En el tiempo de la Navidad, al conmemorar el nacimiento de Cristo, lo hacemos sumergiéndonos en la maternidad de María. Pero no lo hacemos deteniéndonos en una función más bien pasiva. El mismo Lucas, al hablar de María, pone en primer plano su actitud de fe, de obediencia, de total apertura y disponibilidad, de escucha y de interiorización de la palabra de Dios. Así la Virgen aparece como la respuesta ideal, como aquello que la humanidad entera debió ser, pero que no llegó a alcanzar, como la representante de la humanidad nueva que acoge la palabra de Dios y hace de su vida una perfecta respuesta a la misma. María mantiene una relación viva con Dios Padre, Hijo y Espíritu Santo. Es llena de gracia, es decir, de relación consciente y decidida. No vive una relación meramente instrumental y pasiva. Es siempre Virgen oyente, orante, oferente. Su prodigiosa maternidad divina se desborda en una maternidad espiritual en favor de los hombres. María es cauce de la venida de Dios al mundo y es también el modelo de respuesta. De una respuesta asentada en aquella aceptación salvadora de Cristo que está en la raíz del misterio de la redención. Porque María no presta a Cristo sólo su carne, sino su voluntad, en la radical oblación de su vida. El «Sí» de María a la voluntad de Dios, es la transparencia del «Heme aquí» (Hbr 10,7) de Cristo al Padre. Esta disponibilidad absoluta, que está en el fundamento de la salvación, es obra del Espíritu que es quien opera una sintonía y connaturalidad total con la voluntad de Dios. El culto a María, llevado a una imitación plena de quien es tipo y modelo de Iglesia, implica saber entrañar la propia fidelidad en la aceptación gozosa de María, de igual modo que en María se transparentó de forma ideal la aceptación filial obediente de Cristo, sacerdote y víctima.

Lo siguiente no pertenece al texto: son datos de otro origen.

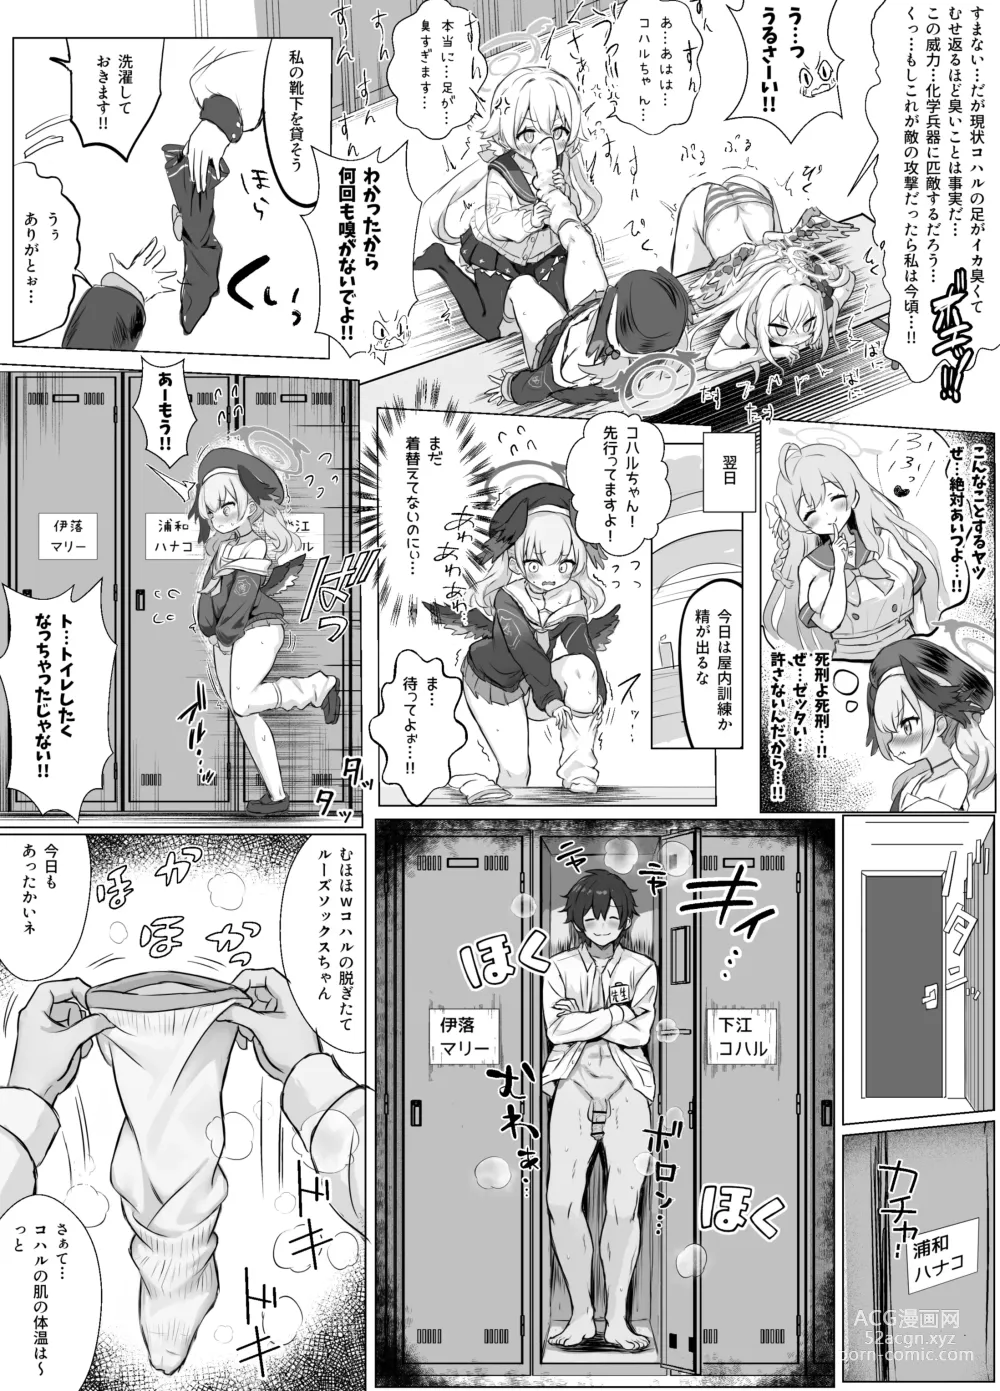 Page 2 of doujinshi Koharu to Hentai Sensei

Cristo es el «Sí» del universo. El «Amén» eficaz al plan de Dios. Decir «sí» a Dios, con María y en María, equivale a hacer de la propia existencia, la transparencia de la aceptación eterna del Verbo en el seno del Padre, de la obediencia filial de Cristo en el momento de la encarnación y de la redención, y de la fidelidad de María ante el anuncio del ángel. Asumir como propio el «Sí» de María, es el intento más serio de hacer de nuestra vida confesión de fe, un acto de amor que, hecho en el tiempo, se realiza y perdura en la eternidad.

La Virgen del Adviento y de la Navidad es un modelo ideal para enraizar nuestra vida en el misterio de Dios. Entrar en su espíritu es la mejor garantía de autenticidad y de madurez de nuestra fe.